He’s the Star of ‘Tootsie’ on Broadway. Wearing Heels Is the Easy Part.

He’s the Star of ‘Tootsie’ on Broadway. Wearing Heels Is the Easy Part.

And speaking of support, how strange does it feel to spend eight shows a week in pantyhose?

“It’s not any weirder than anything else,” Mr. Fontana had told me when we met for an iced coffee just before his final performance in Chicago. “It’s all weird. If you’re really doing your job, you’re never being yourself.” Still, he was looking forward to that last show. “Oh my God, I’m just so happy I don’t have to shave tomorrow,” he’d said. “And I don’t have to wear that corset.”

But what makes “Tootsie” weirder, aside from the corset, aside from the twinned roles, aside from barn-raising a multimillion-dollar show that lives or dies on laughter, is the moment in which it arrives.

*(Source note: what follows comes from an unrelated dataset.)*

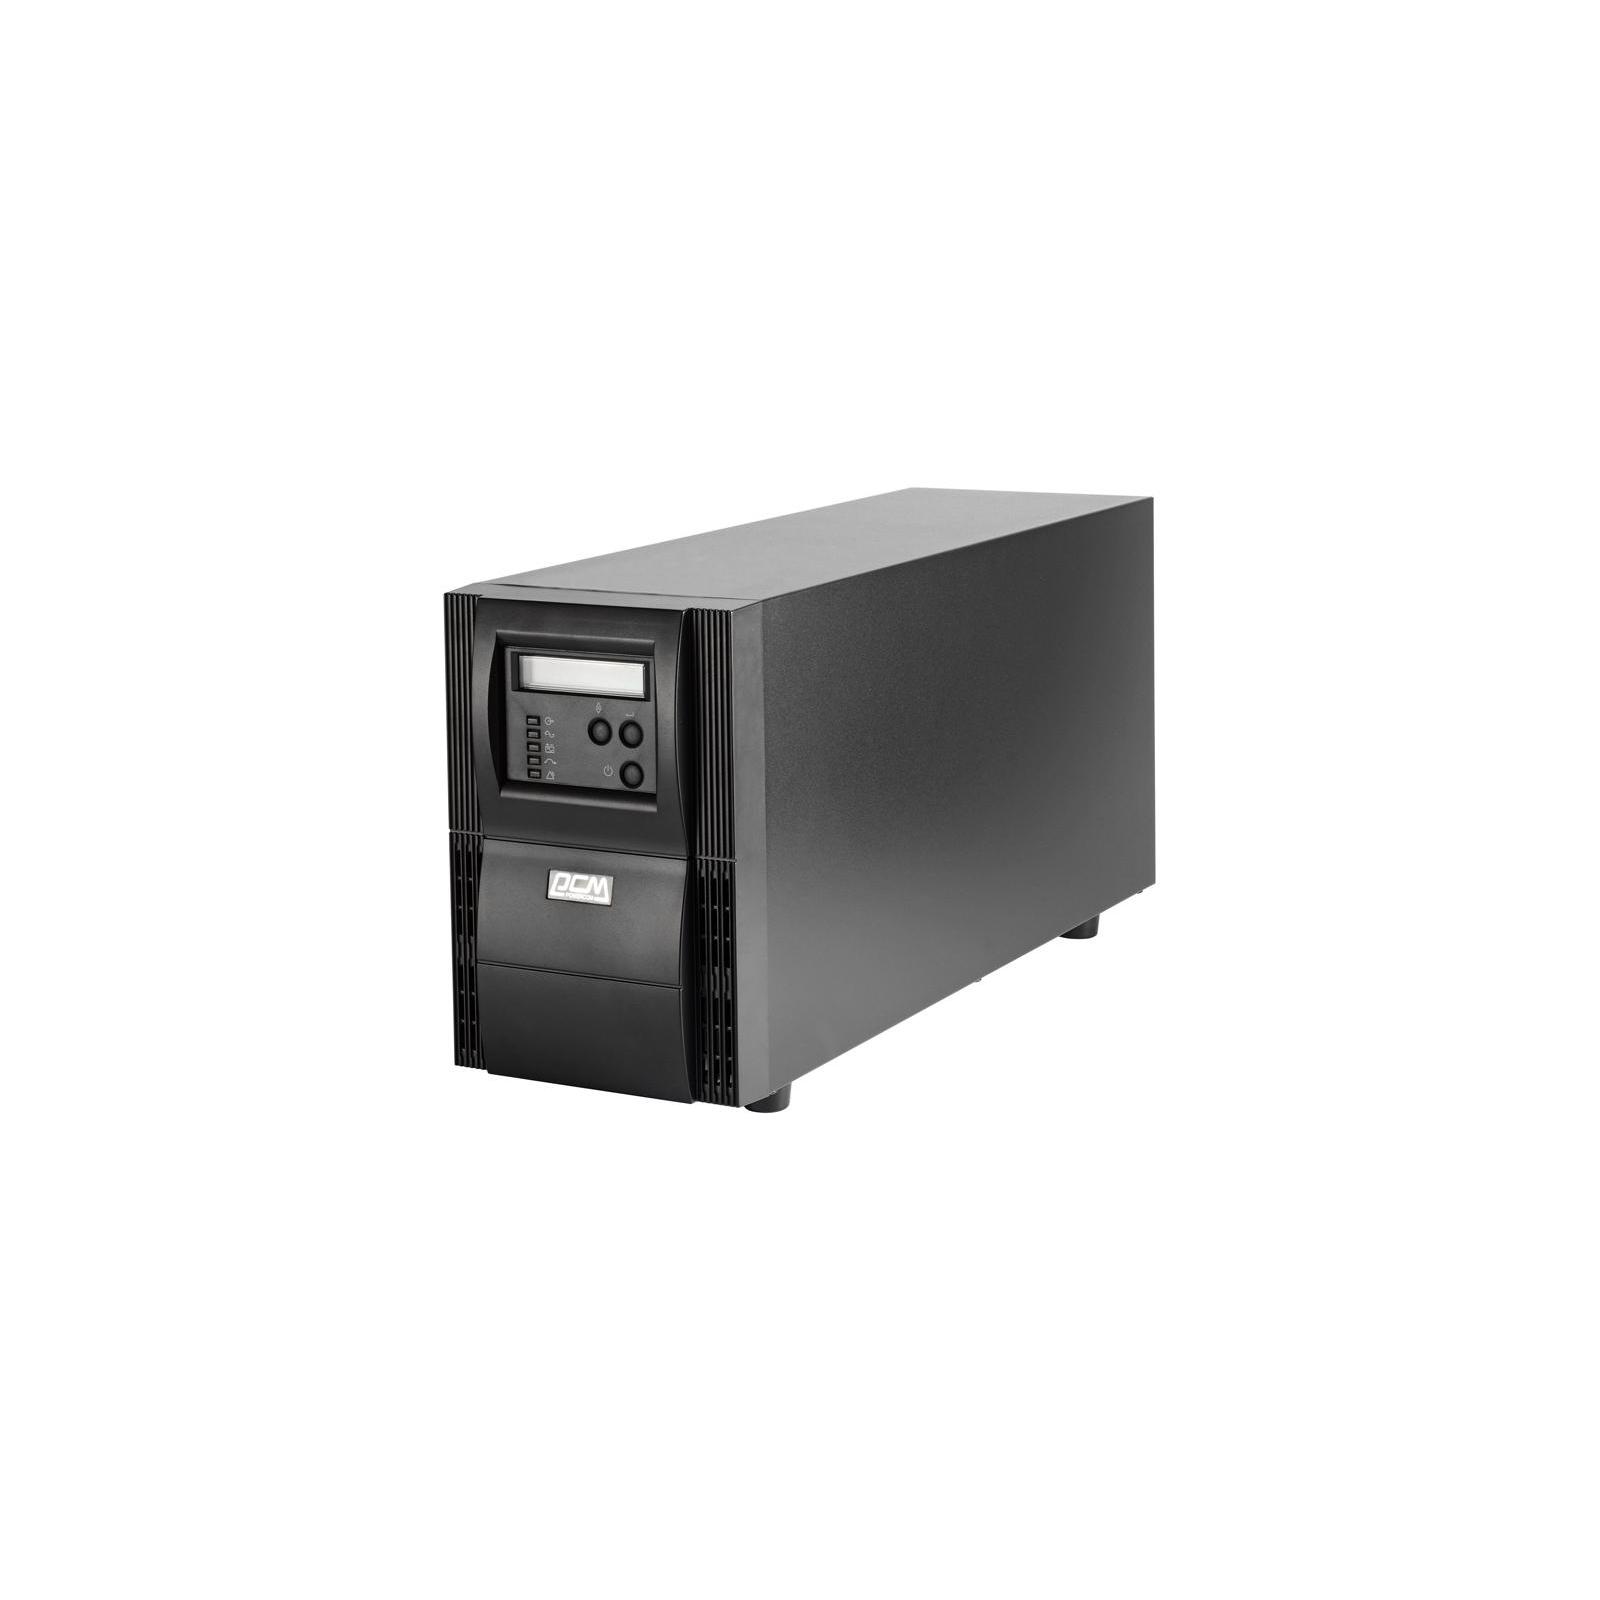 Источник бесперебойного питания Powercom VGS-3000

Broadway has been reckoning, slowly, imperfectly, with the idea that musical comedies need to offer female characters full interiority and that maybe abuse — physical, psychological, verbal — isn’t so forgivable or funny.

That “Tootsie” is another musical with an all-male creative team makes it essential that it does right by women, even women played by men. But doing right can’t in any way stifle its reckless, headstrong comedy. Which is all to say that Mr. Fontana has some big kitten heels to fill.

Mr. Fontana was born in Stockton, Calif., the younger child of a teacher and an agronomist. He grew up in a small town in Washington state, playing baseball and acting in school plays: Wilbur in “Charlotte’s Web,” Jesus in “Godspell.” At the University of Minnesota, he completed a classical training program and at 24 he returned to Minnesota, playing Hamlet at the Guthrie. The Star Tribune compared him to the “whiny ‘Friends’ star David Schwimmer,” then fell for his antic style.

He broke into Broadway quickly, playing mostly secondary roles, like the brother in “Billy Elliot,” like the brother in “Brighton Beach Memoirs.” He did play the prince in “Rodgers and Hammerstein’s Cinderella,” opposite Laura Osnes, but he wouldn’t really count that as a lead. “I would say, like, ‘I love how much Laura has to do,’” he said. His voice work in “Frozen”? Another prince, another second man.